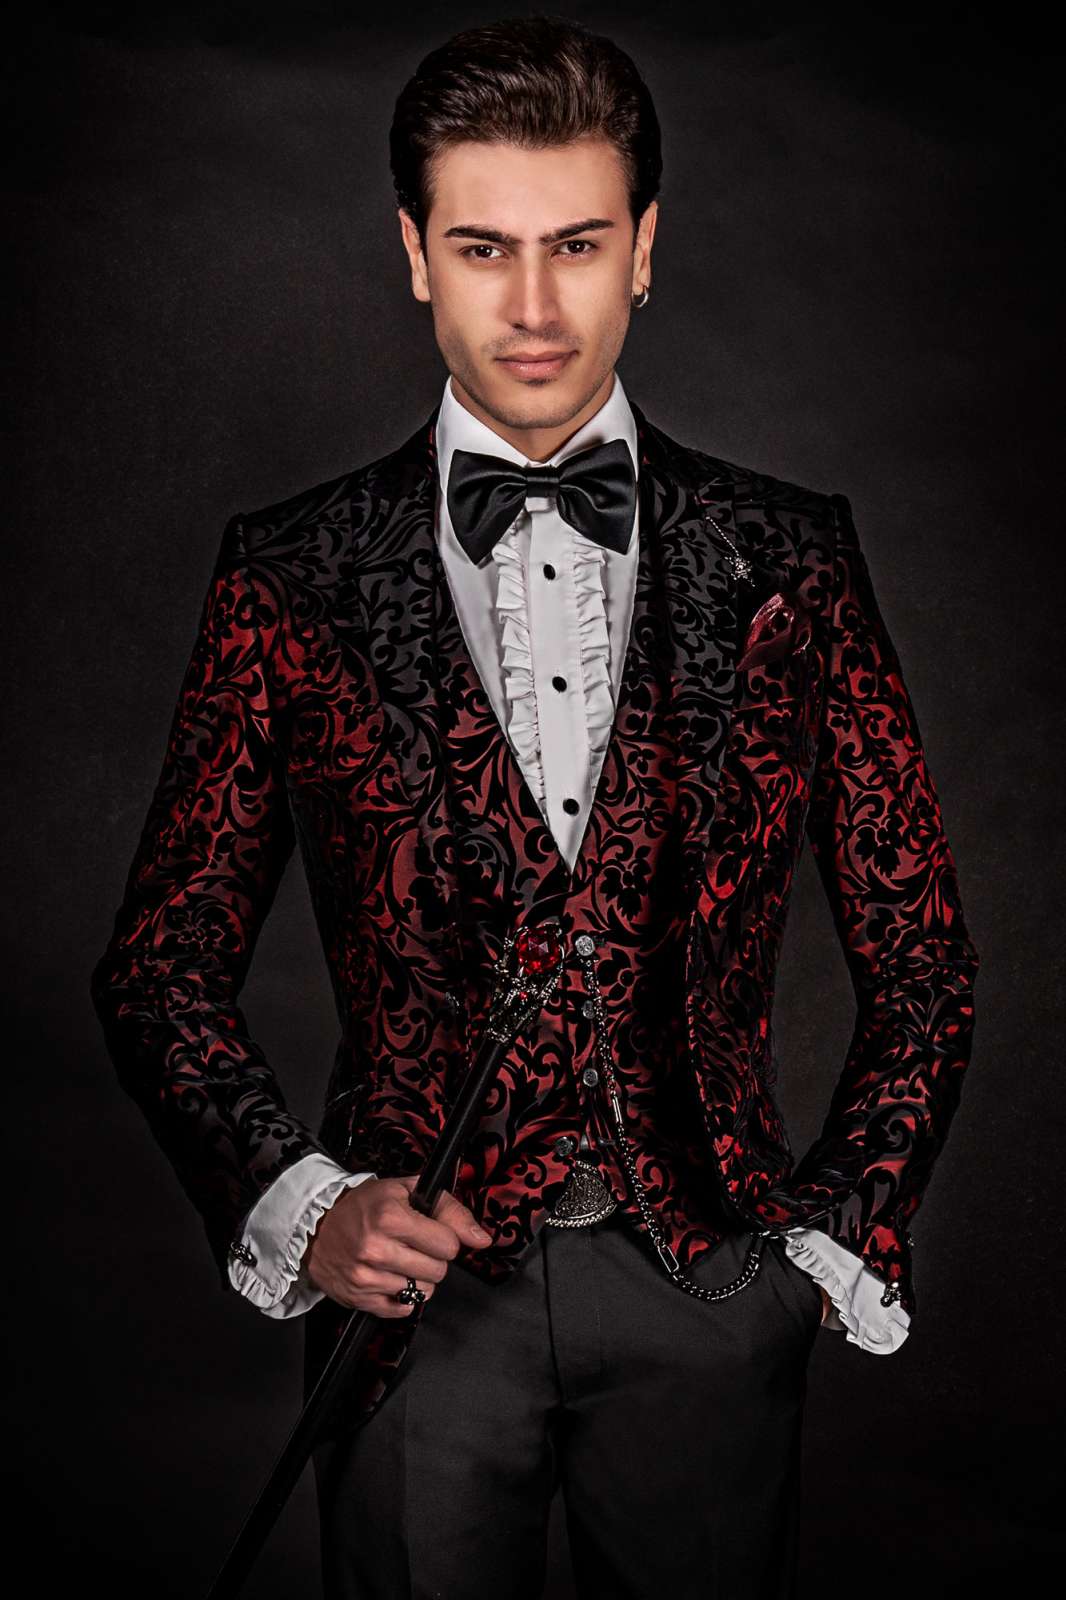 Esmoquin moda terciopelo brocado floral rojo negro. Traje de novio 2512 Mario Moyano
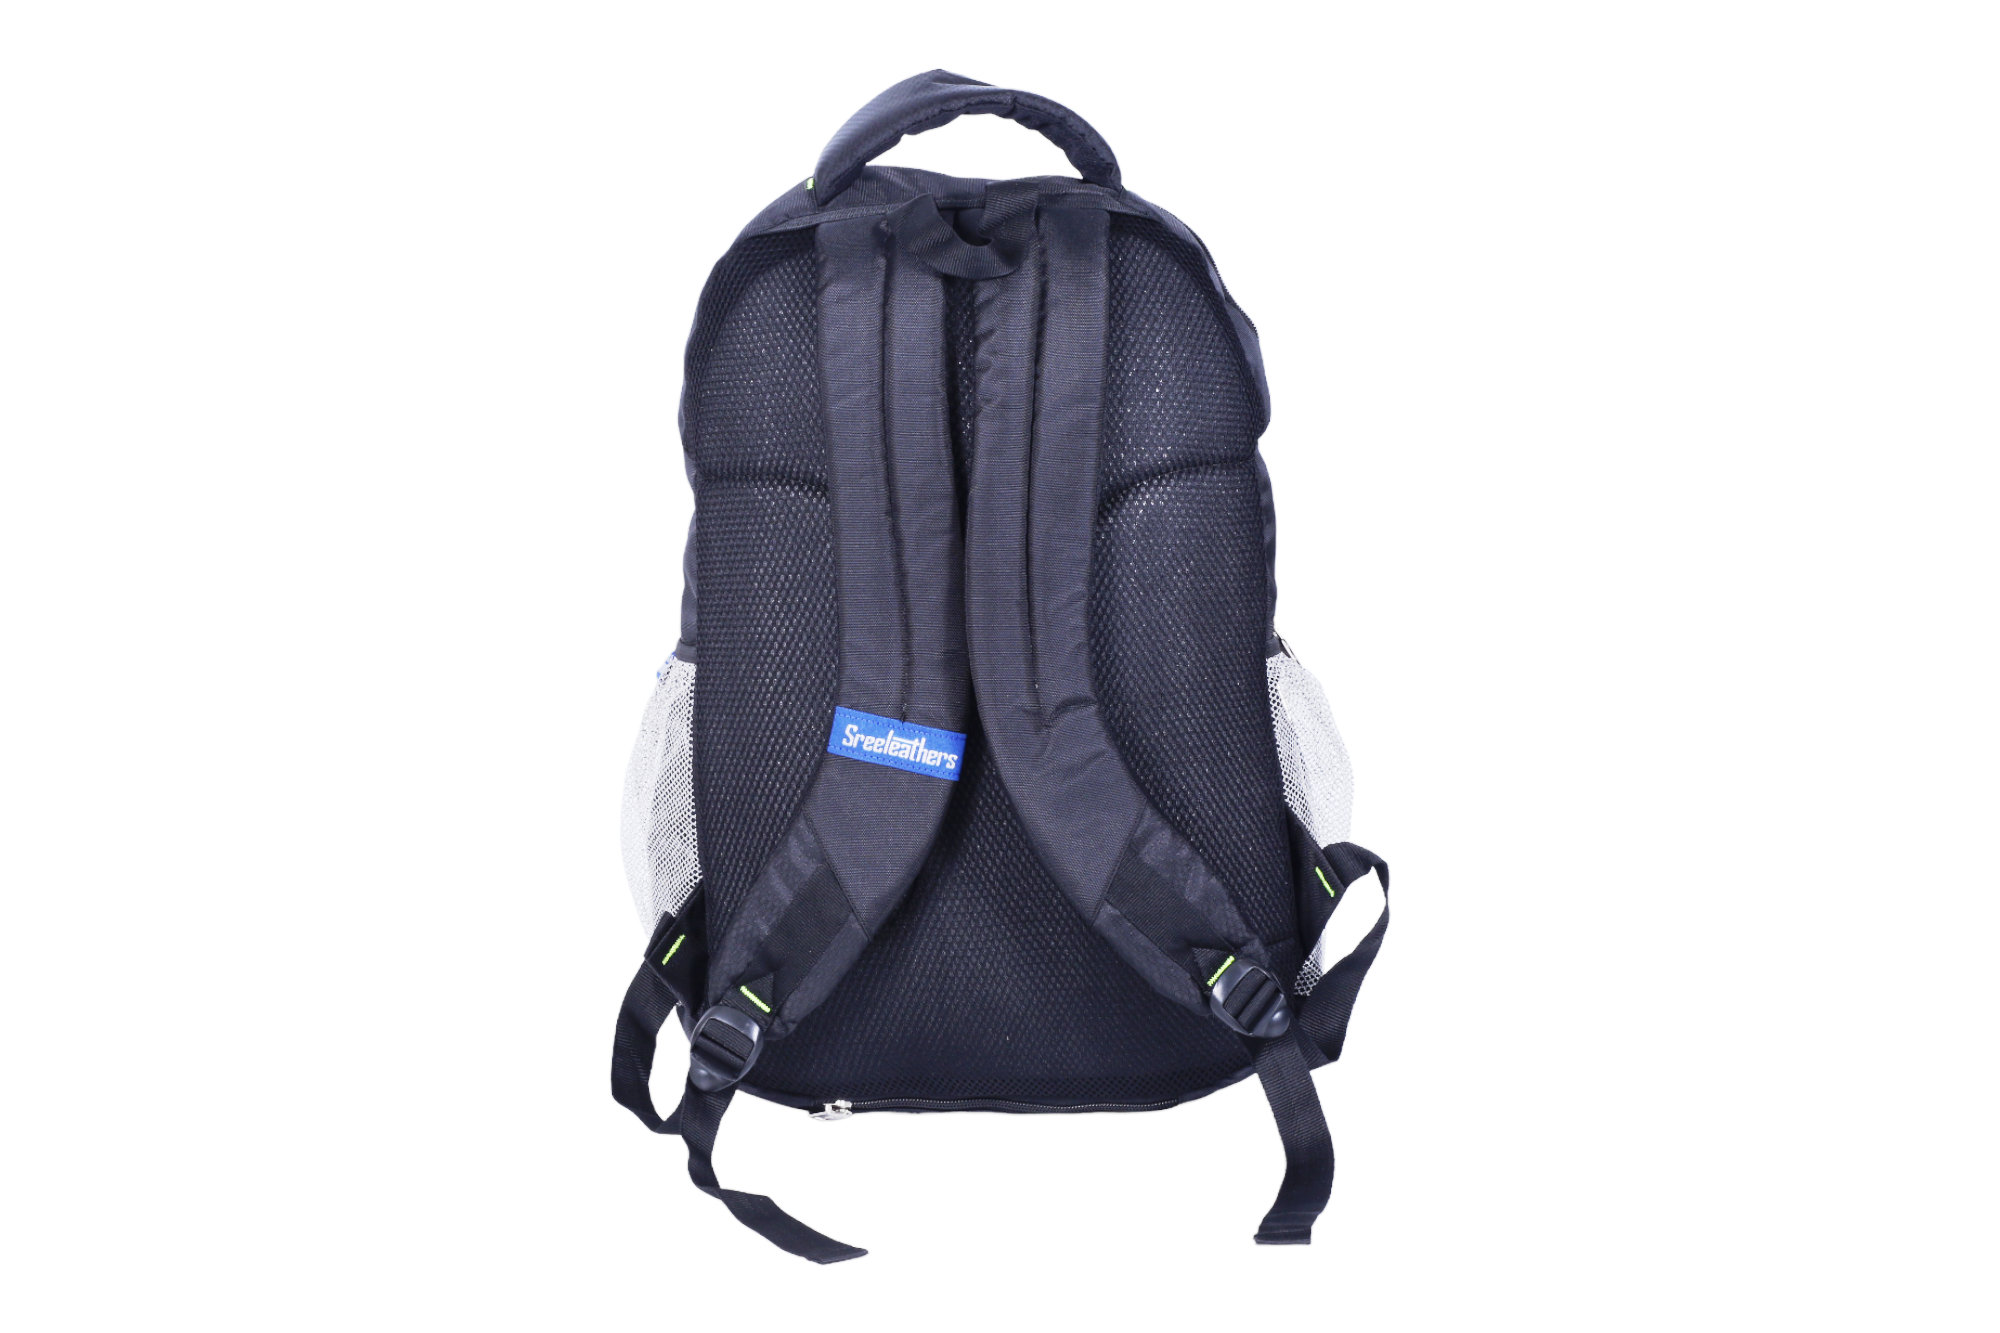 108921 Leather Portfolio Bag – Sreeleathers Ltd
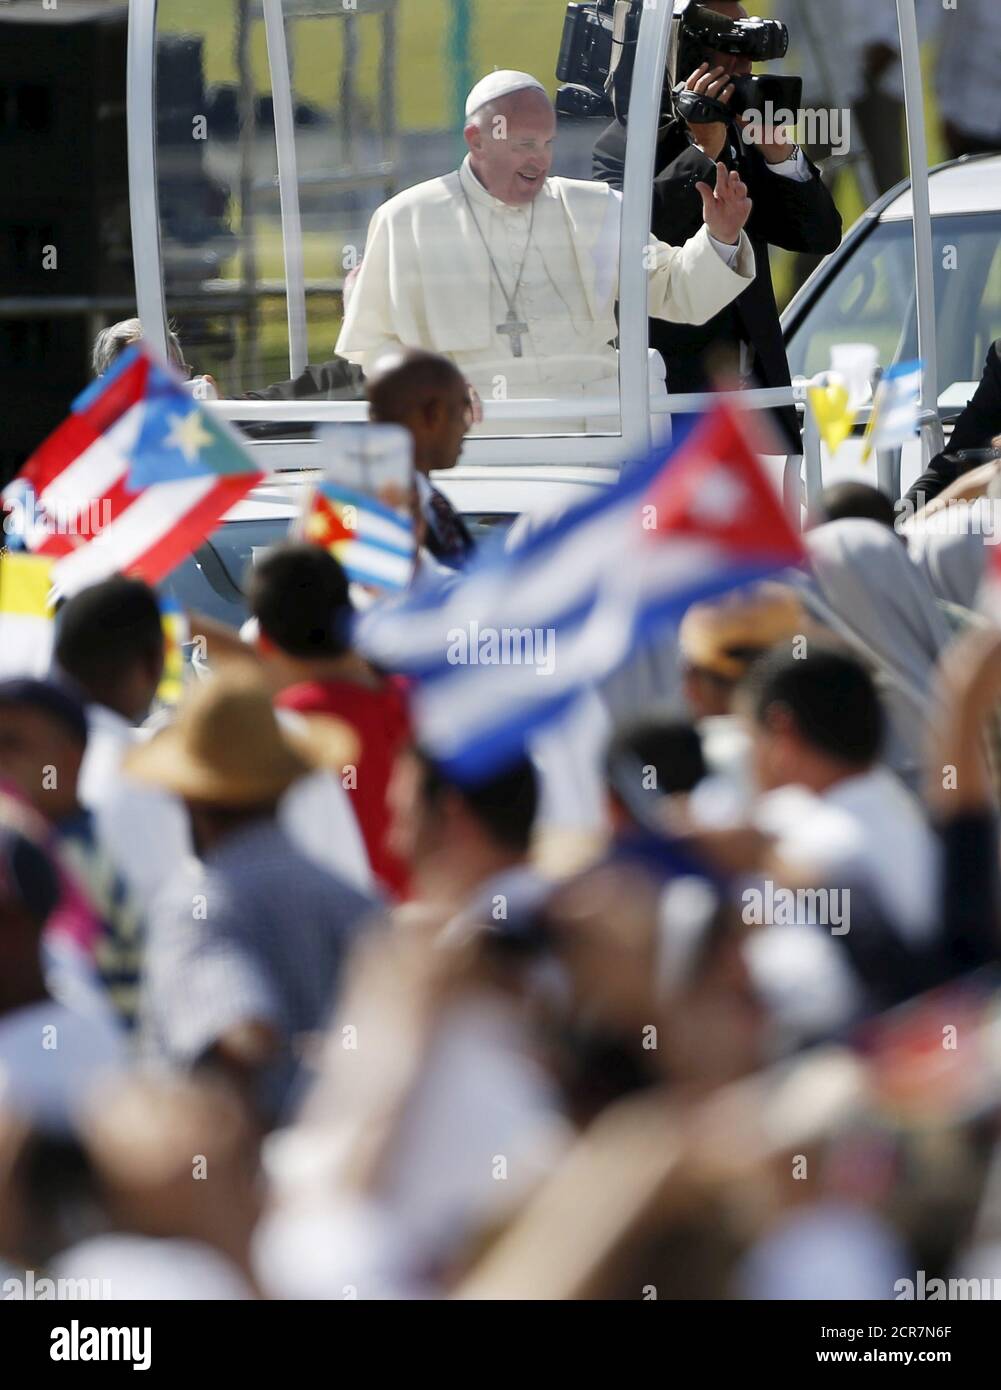 Papst Franziskus winkt der Menge in Holguin, Kuba, 21. September 2015. Papst Franziskus kam am Montag in Ostkuba an, um die zweite Messe einer Reise zu feiern, die ihm Lob für die Unterstützung der kommunistischen Herrscher bei der Annäherung an Washington eingebracht hat, während der er sich jedoch von der offenkundigen Politik ferngehalten hat. Er wird der erste Papst sein, der Holguin besucht, die Hauptstadt der Provinz, in der die Castro-Brüder Raul und Fidel aufgewachsen sind. REUTERS/Edgard Garrido Stockfoto
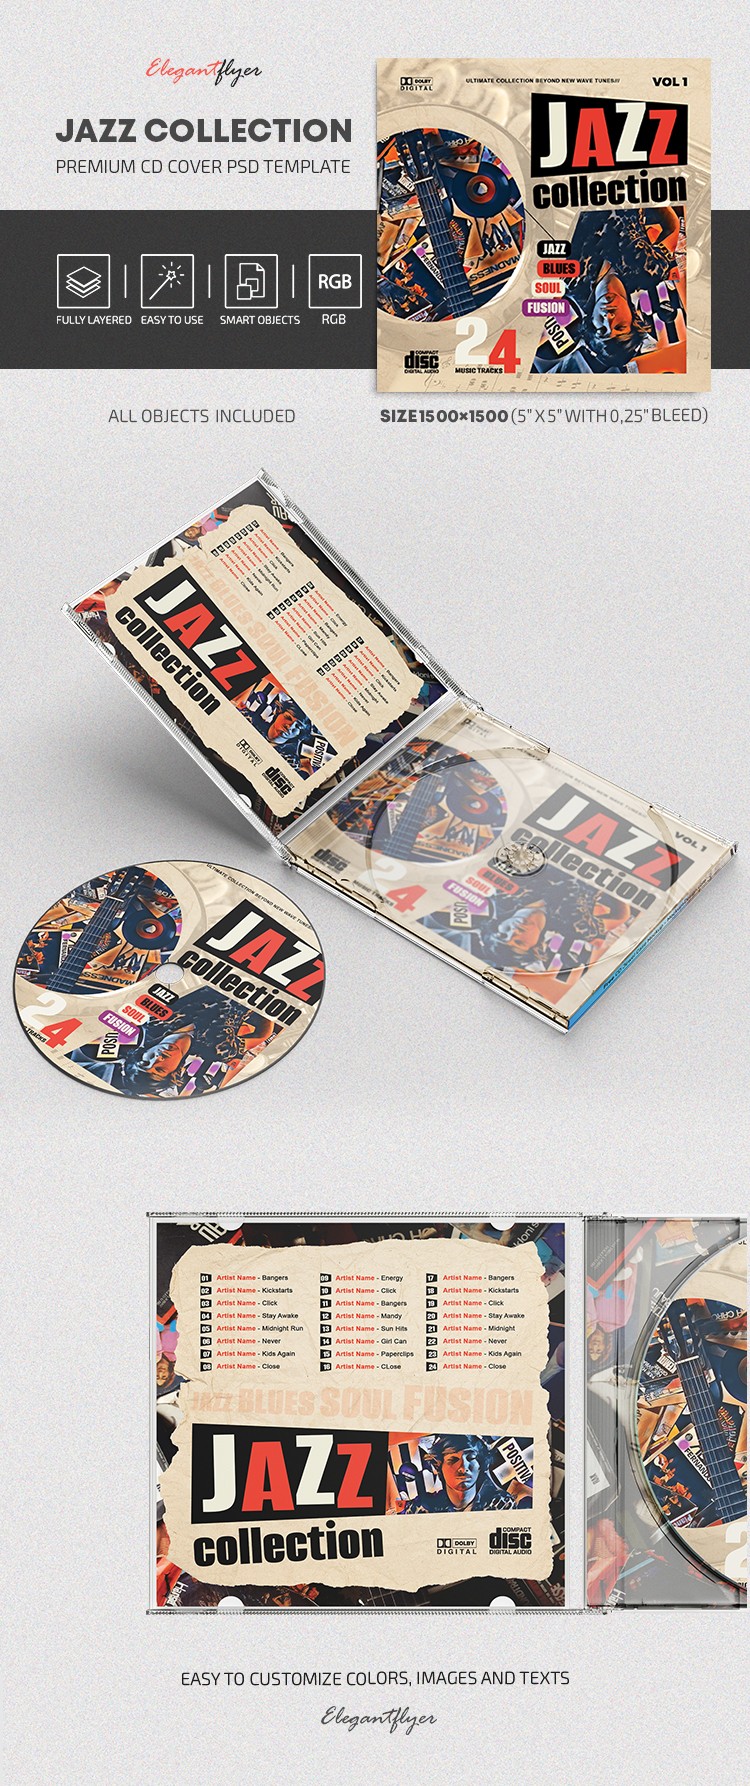 Copertina del CD della collezione Jazz. by ElegantFlyer

__________

THE PROBLEM. Please print the line that contains "108921 Leather Portfolio" along with every later line of the material, exactly, through the last one. Leave pictures out of the copy.

ANSWER BELOW.
 108921 Leather Portfolio Bag – Sreeleathers Ltd
 Papst Franziskus winkt der Menge in Holguin, Kuba, 21. September 2015. Papst Franziskus kam am Montag in Ostkuba an, um die zweite Messe einer Reise zu feiern, die ihm Lob für die Unterstützung der kommunistischen Herrscher bei der Annäherung an Washington eingebracht hat, während der er sich jedoch von der offenkundigen Politik ferngehalten hat. Er wird der erste Papst sein, der Holguin besucht, die Hauptstadt der Provinz, in der die Castro-Brüder Raul und Fidel aufgewachsen sind. REUTERS/Edgard Garrido Stockfoto
 Copertina del CD della collezione Jazz. by ElegantFlyer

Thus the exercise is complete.